## EXERCISE AIM
Transcription, pictures excluded: write out the data below exactly.
(DATASET CONTENT Opens)
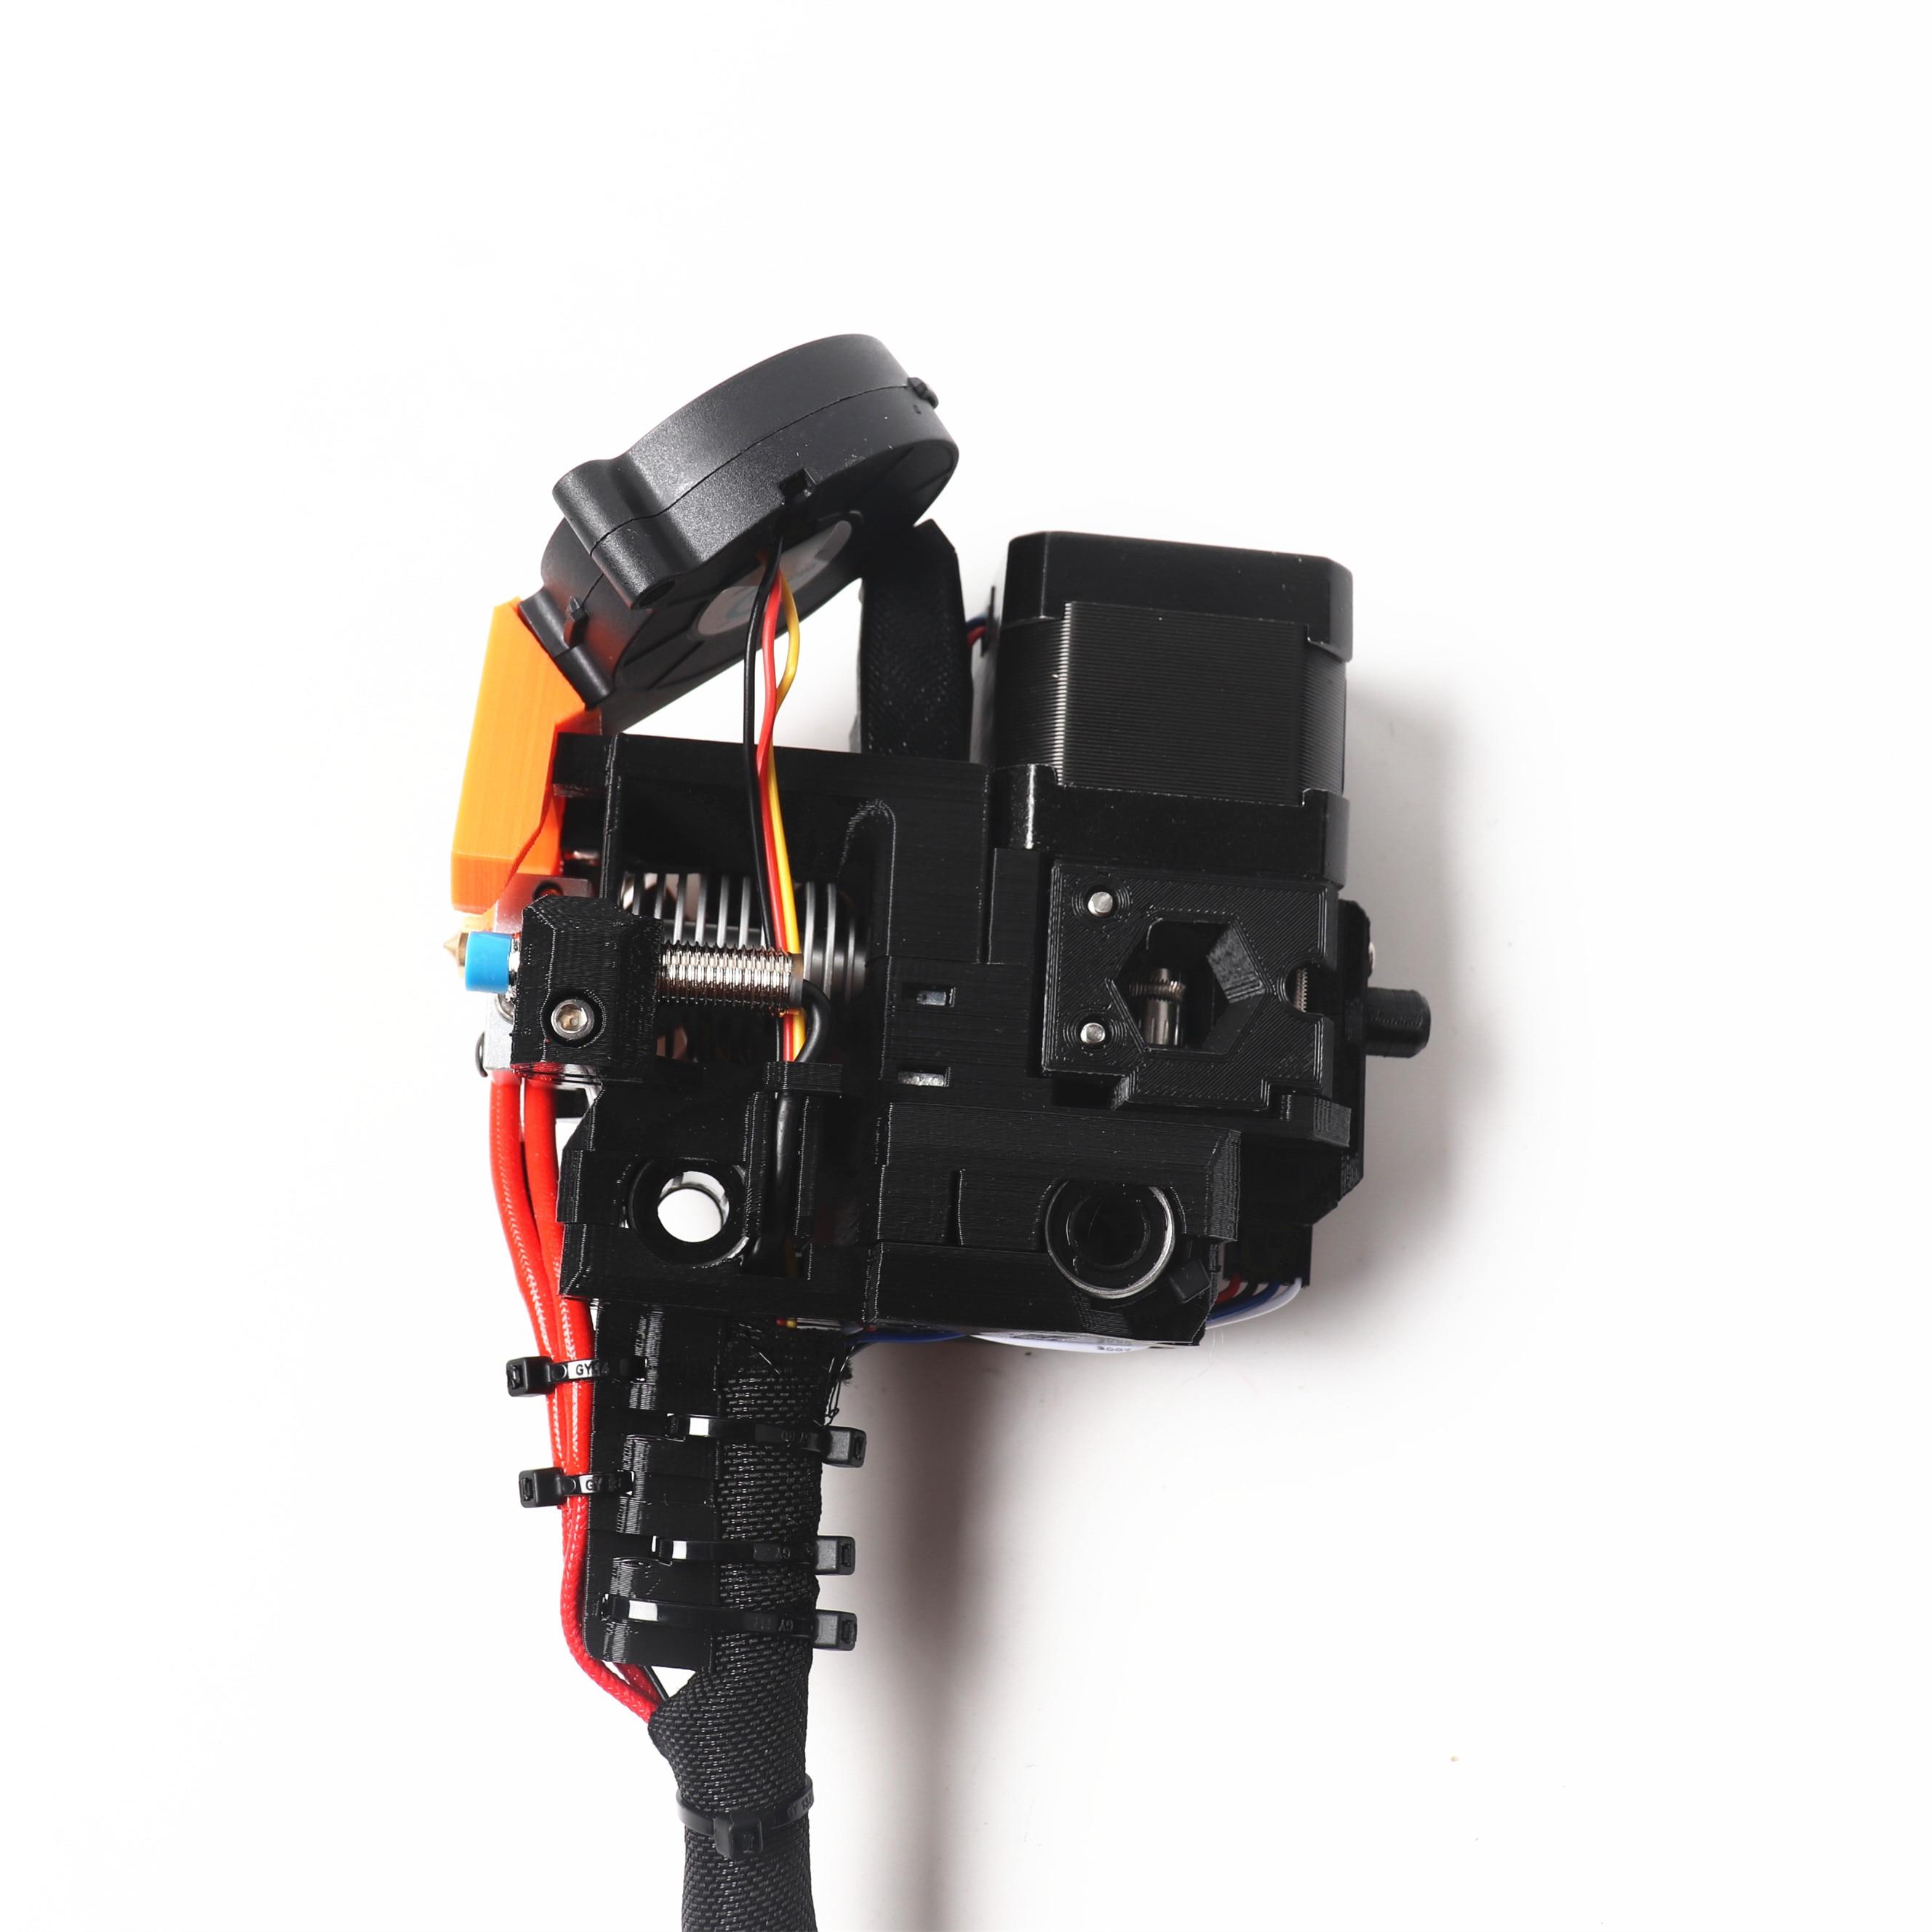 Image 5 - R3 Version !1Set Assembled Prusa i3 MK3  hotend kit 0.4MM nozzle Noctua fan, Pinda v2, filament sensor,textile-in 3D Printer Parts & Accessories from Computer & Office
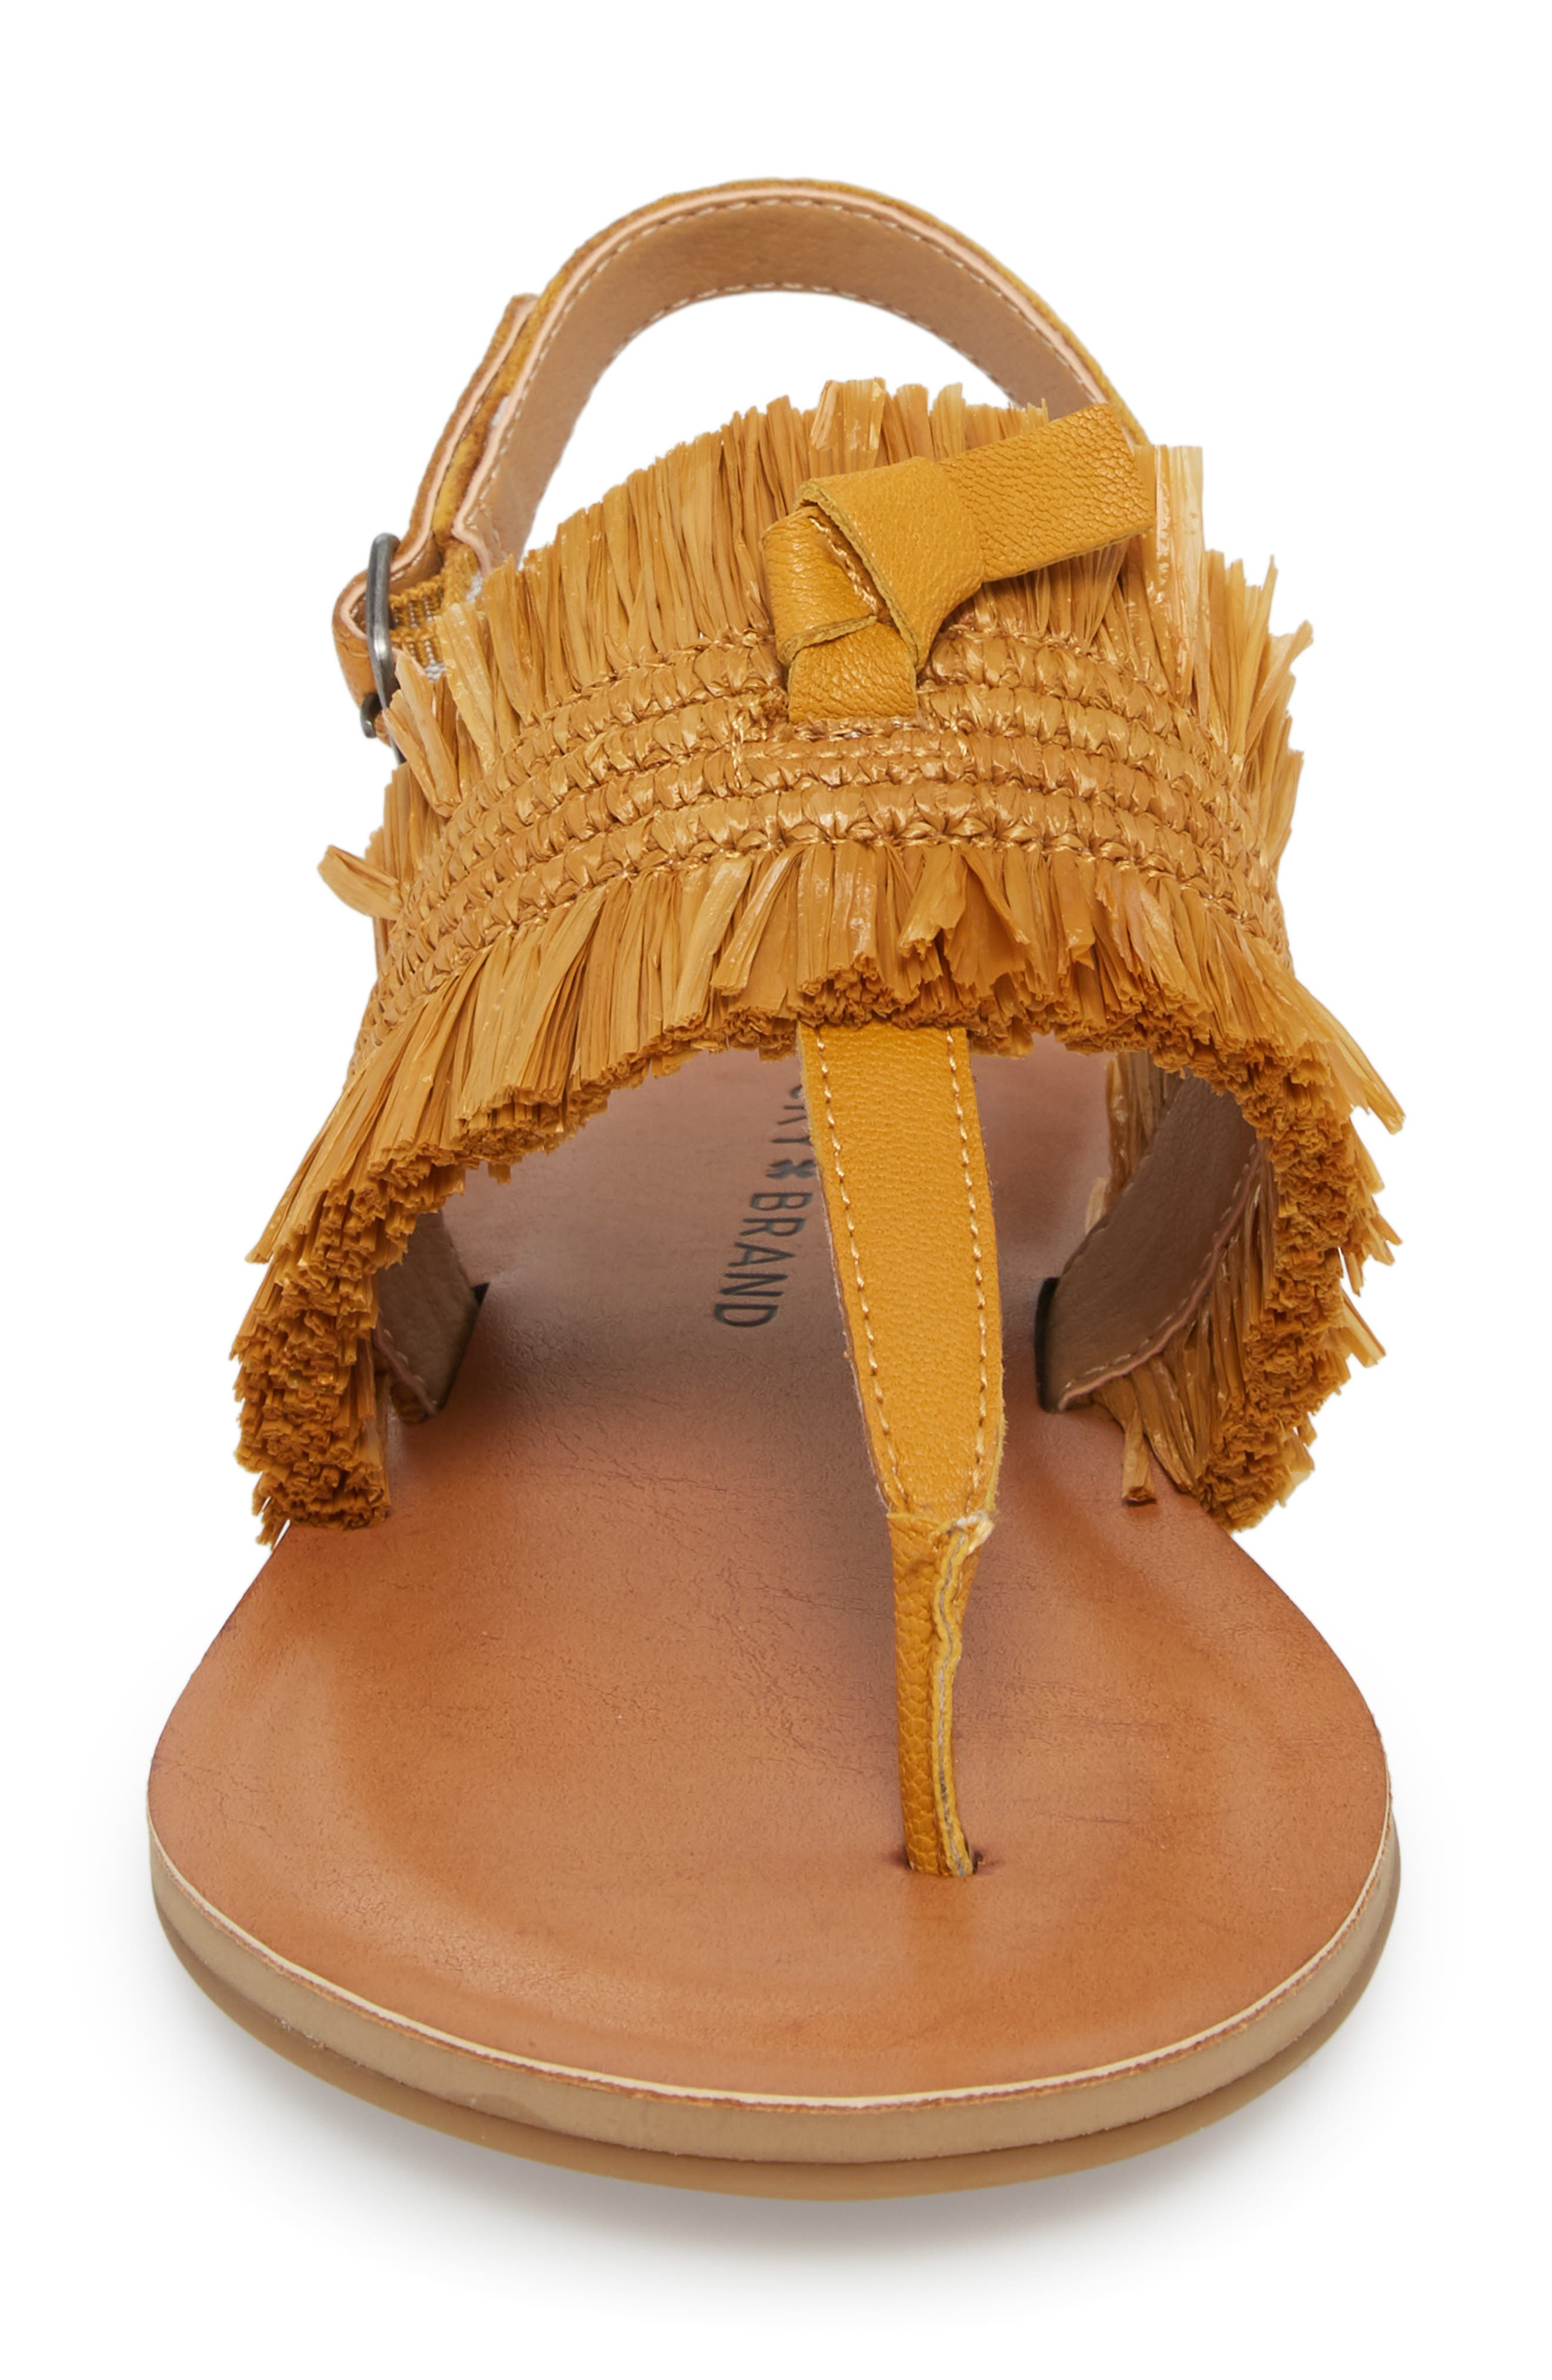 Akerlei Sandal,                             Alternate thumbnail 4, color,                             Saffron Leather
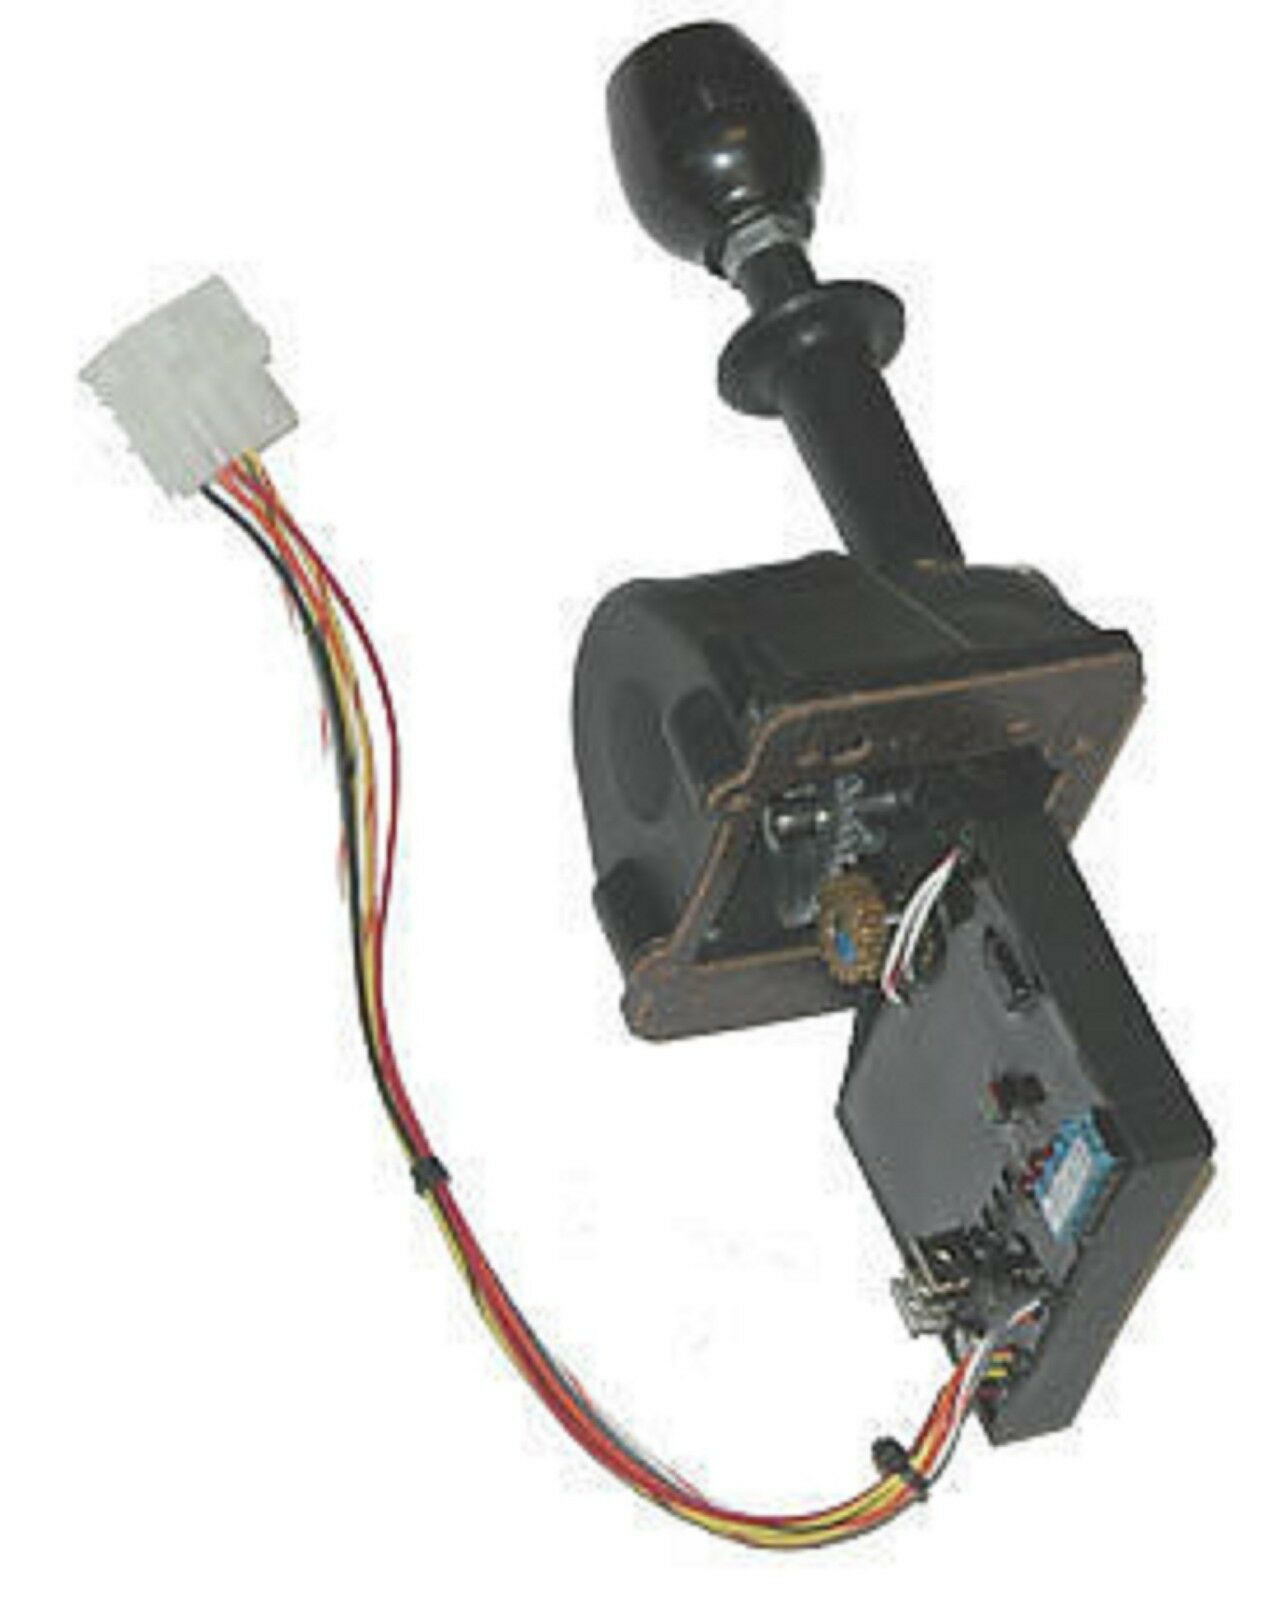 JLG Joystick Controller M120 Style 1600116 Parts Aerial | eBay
(DATASET CONTENT Closes)
## ANSWER BELOW
 Image 5 - R3 Version !1Set Assembled Prusa i3 MK3  hotend kit 0.4MM nozzle Noctua fan, Pinda v2, filament sensor,textile-in 3D Printer Parts & Accessories from Computer & Office
 Akerlei Sandal,                             Alternate thumbnail 4, color,                             Saffron Leather
 JLG Joystick Controller M120 Style 1600116 Parts Aerial | eBay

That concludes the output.